In Part 1 of this two-part series, I examined some of the ways the artificial intelligence (AI) algorithms that are used in HVAC control systems use data to approximate functions. In a simplistic approach, the AI algorithms used in our industry could be grouped into two types: classification and regression, both of which fall under the category of supervised learning, i.e., learning to approximate a function by “seeing” the data. Classification algorithms are used to predict discrete values, i.e., true or false.
This article will focus on regression-type algorithms. Some examples of regression-type algorithms include simple linear regression, multiple linear regression, polynomial regression, support vector regression, decision tree regression, and random forest regression. These algorithms are used to predict continuous variables, i.e., chiller plant energy consumption, cooling coil leaving air temperature, etc. Each one of these variables can be approximated as a function of a single input variable or multiple input variables.
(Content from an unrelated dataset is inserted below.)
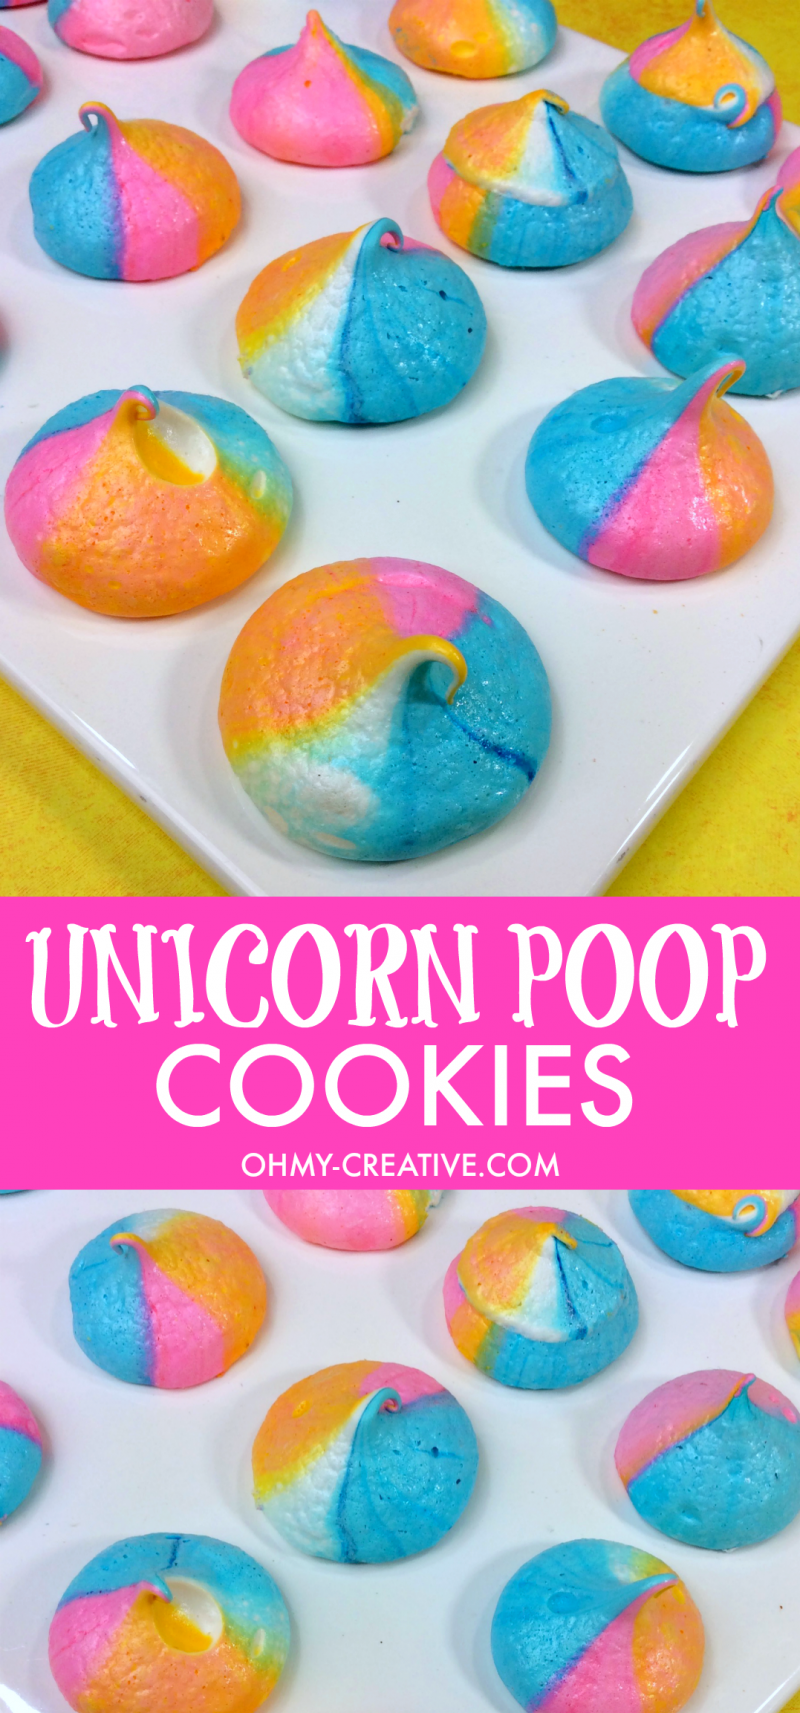 Unicorn Poop Cookie Meringue Recipe | OHMY-CREATIVE.COM | Unicorn Cookies | Unicorn Foods | Rainbow Unicorn Cookies | Poop Cookies | Unicorn Poop | Unicorn Pop | Meringue Cookies | Easy Meringue Recipe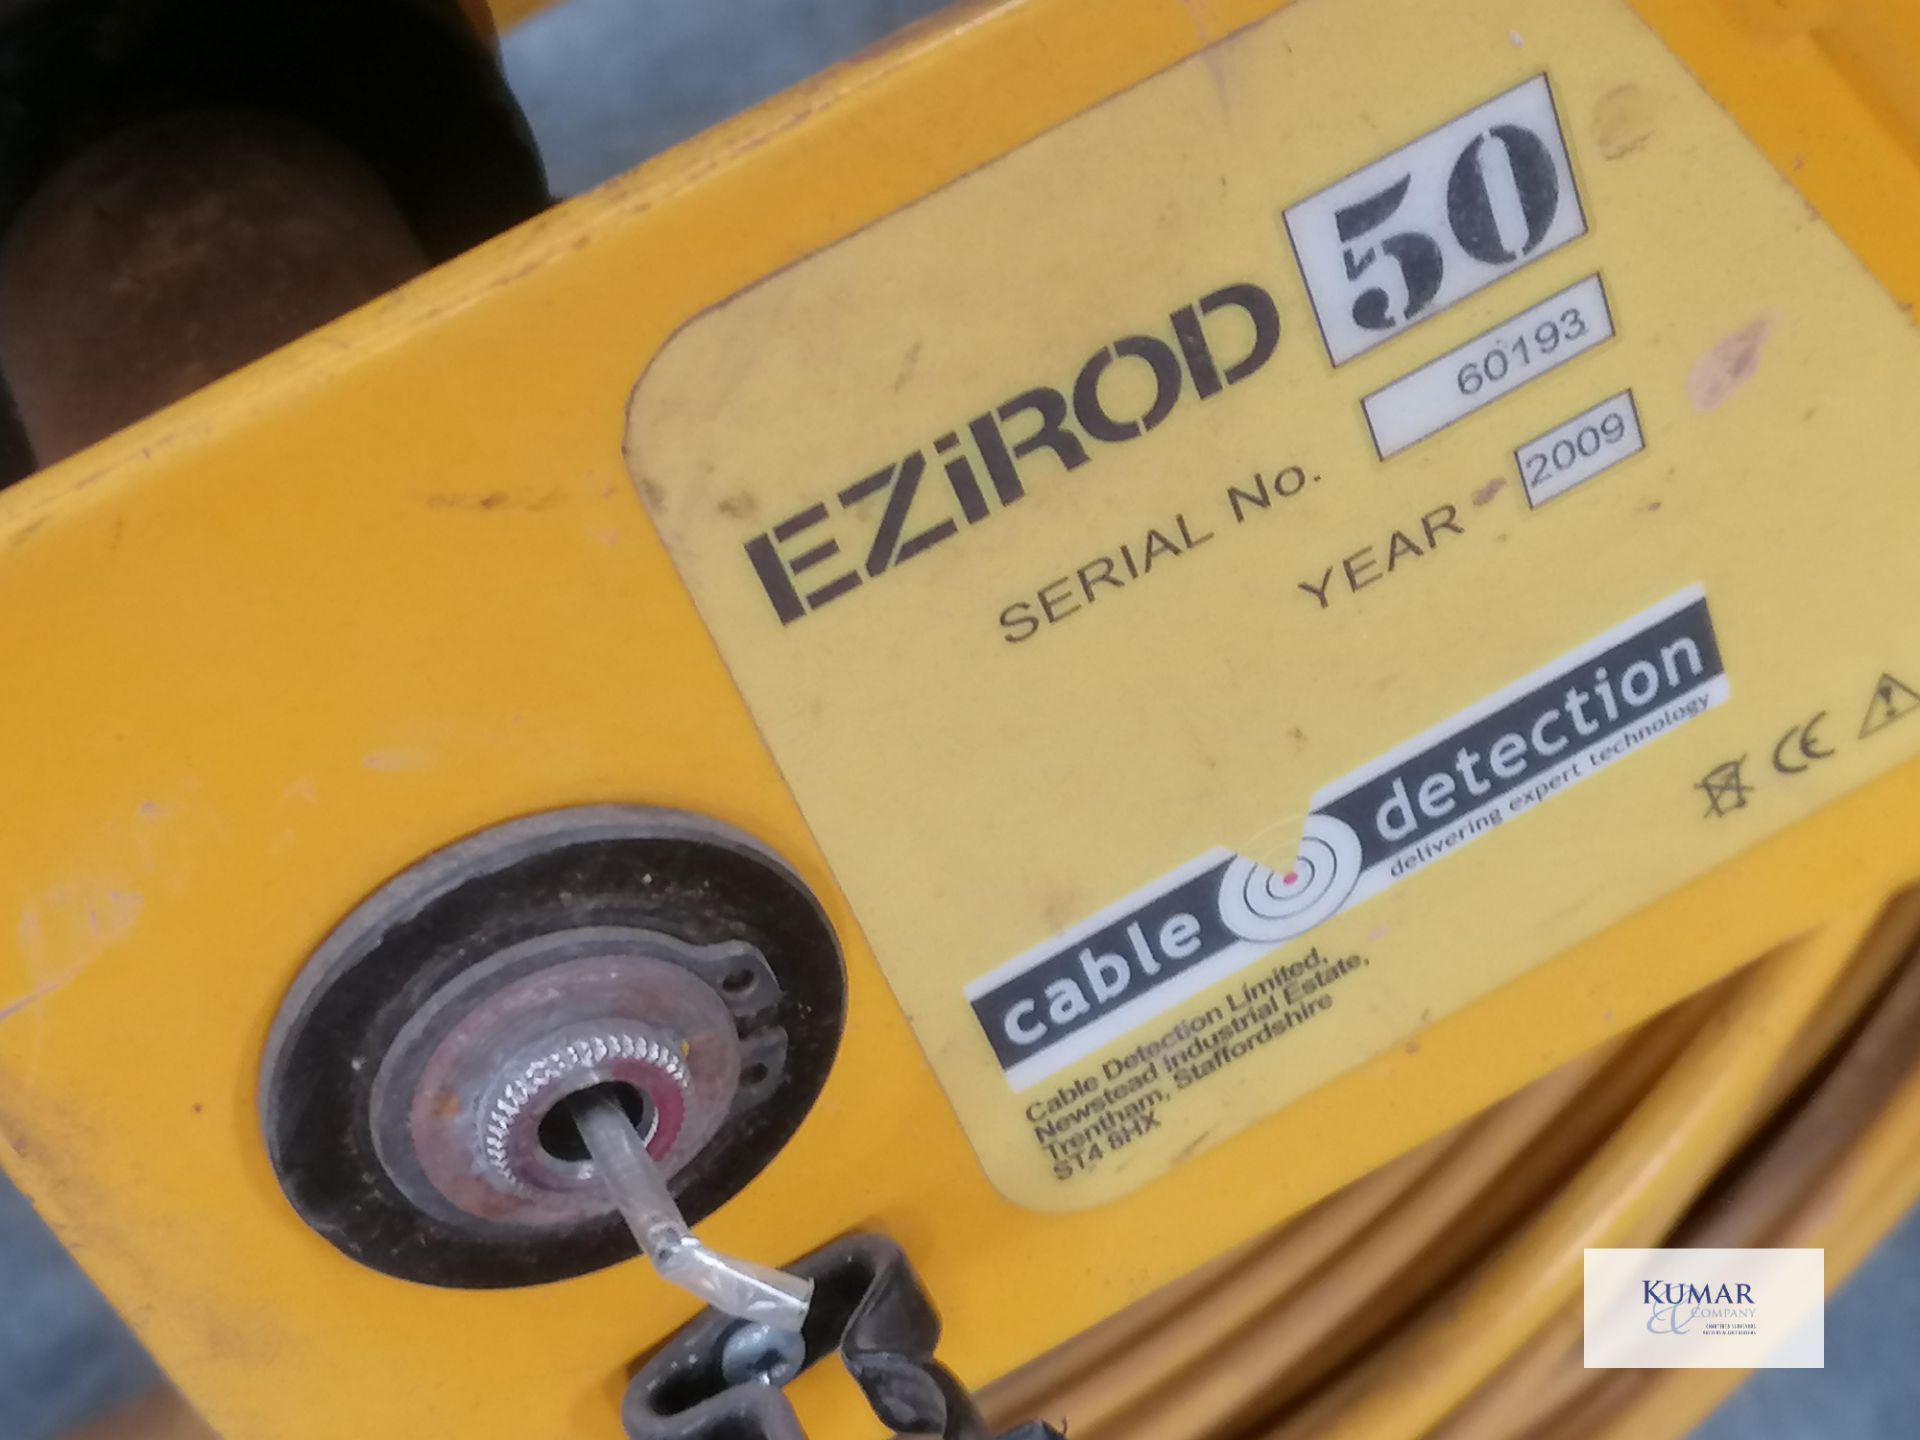 2 x EZiROD 50 Flexible Tracing Rod Serial No 60193/94 - Image 3 of 4

For example, the graph shown in Figure 1 shows the chiller plant energy consumption noted as y (output variable) being represented as a function of the chiller plant load (input variable identified as x) and outside air temperature (identified as z). The mathematical representation of this function would be y = f (x,z). Having the trend data from the building automation system (BAS) for x and z, one could train an AI algorithm to approximate y as a function of x and z. In order to determine the performance of an AI algorithm, various metrics are necessary. It’s important to note that accuracy is not a metric for regression-type algorithms; it is a metric for classification-type algorithms. Some of the metrics used of regression-type algorithms are mean absolute error (MAE) and root mean squared error (RMSE).
MAE measures the average magnitude of the errors in a set of predictions without considering their direction, i.e., positive prediction error versus negative prediction error, with the prediction error being the difference between the actual value and the predicted value for that instance. Prediction errors are also called residuals, and they are a measure of how far from the regression line data points are. MAE is the average over the data sample (i.e., training data from the BMS) of the absolute differences between predicted values and observed values.
RMSE is the square root of the average of squared differences between predicted values and observed values. RMSE could also be interpreted as the standard deviation of the residuals. RMSE is used to indicate how close the data is relative to the predicted function. RMSE is a negatively oriented scoring method: The lower the score, the better the AI algorithm is at predicting values close to the actual values.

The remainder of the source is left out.